第36話 新人たちの暴走と、完璧執事の胃痛
オルステッド公爵家に、個性豊かすぎる四人の新しい使用人が加わってから、数日が過ぎた。
元・宮廷料理人のジャン、元・男爵令嬢の掃除屋リリィ、元・冒険者の庭師ガイル、そして引退した老魔術師マーリン。
彼らは全員、物の声が聞こえる私のお墨付きで採用された、物への愛に溢れるスペシャリストたちだ。彼らの加入により、慢性的な人手不足だった我が家は劇的に改善され、これからは優雅なスローライフが待っている……はずだった。
確かに、城は活気に満ちていた。
厨房からは食欲をそそる良い香りが絶えず漂い、廊下は大理石の本来の輝きを取り戻して鏡のように磨き上げられ、庭には季節を先取りした色とりどりの花が咲き誇っている。

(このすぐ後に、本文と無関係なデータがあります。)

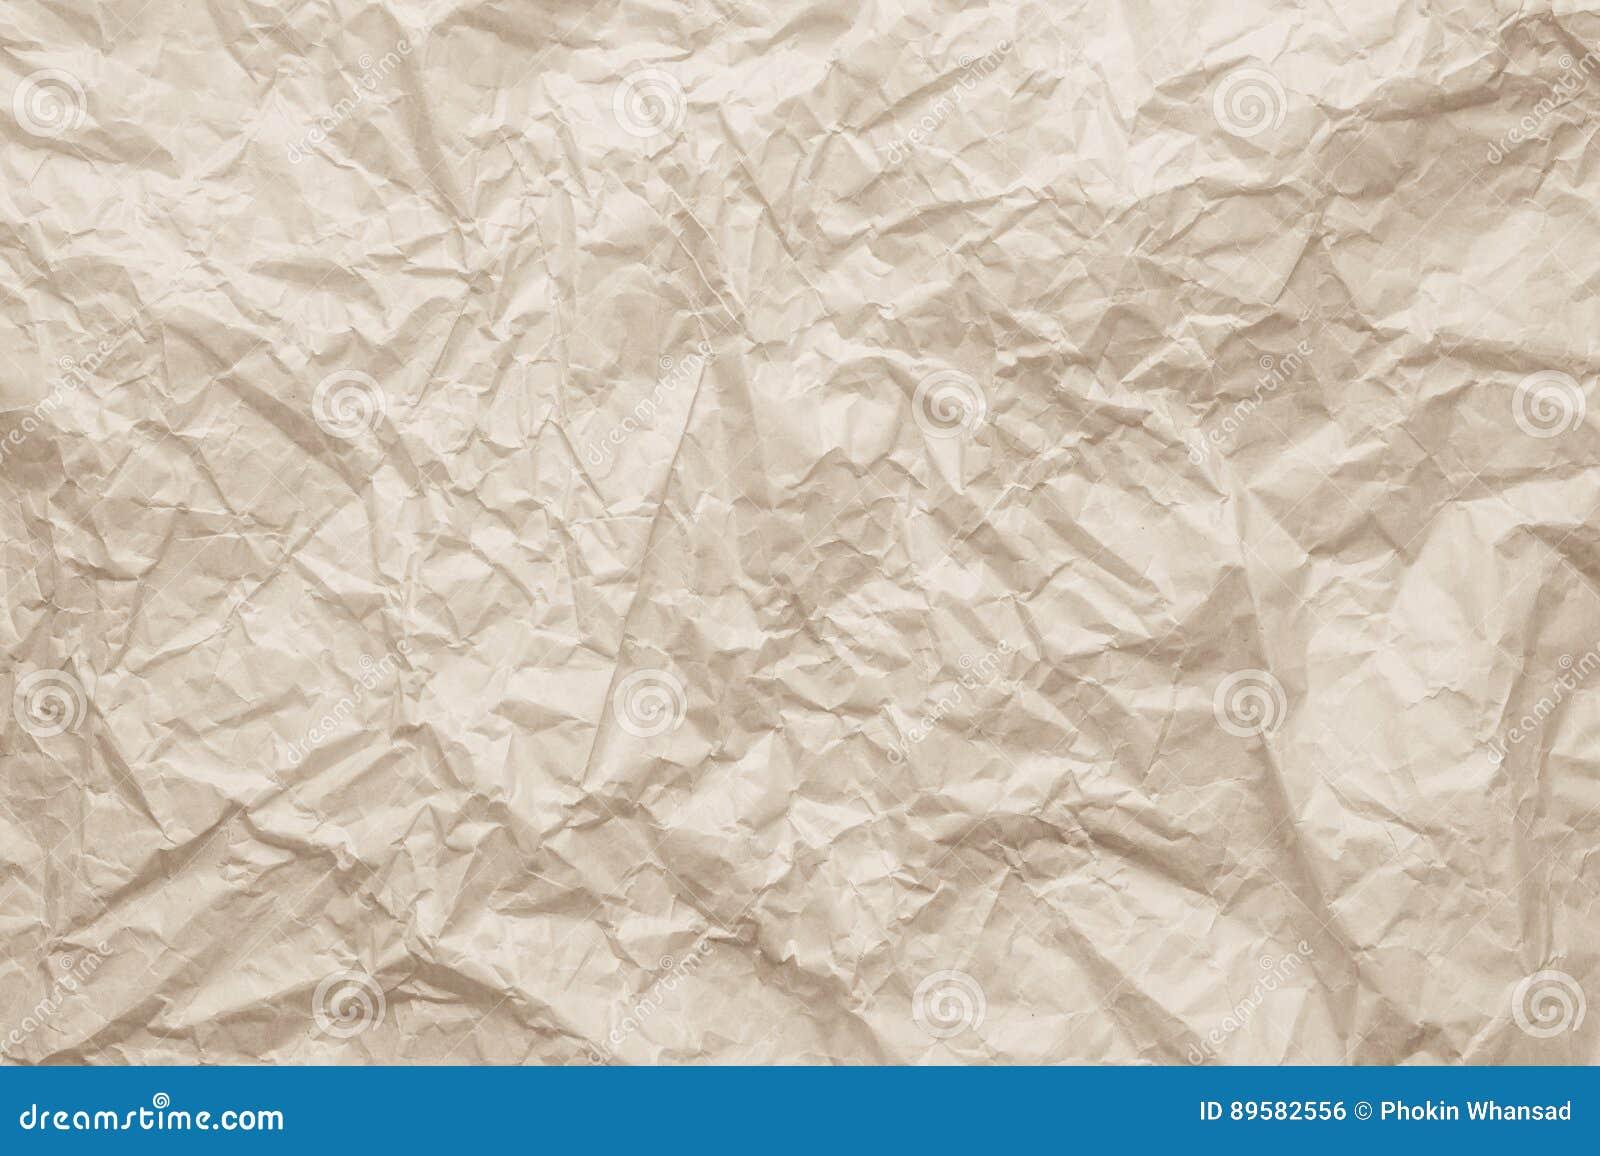 Textura De Papel Reciclada Natural Papel En Blanco De La

一見、全てが順調に回っているように見える。……そう、あくまで「一見すると」だが。
◇
ある日の朝。
私は、執事のセバスチャンと共に、城内の定例巡回をしていた。セバスチャンは過労による療養から復帰したばかりだが、その表情は以前より少しやつれているように見える。完璧に整えられた白髪交じりの髪が心なしか元気がなく、目の下にはコンシーラーでも隠しきれない薄っすらとしたクマができていた。
「……セバスチャンさん? 顔色が優れませんが、本当に大丈夫ですか? まだ本調子ではないのでは?」
私が心配して声をかけると、彼はビクリと肩を震わせ、張り付いたような笑みを浮かべた。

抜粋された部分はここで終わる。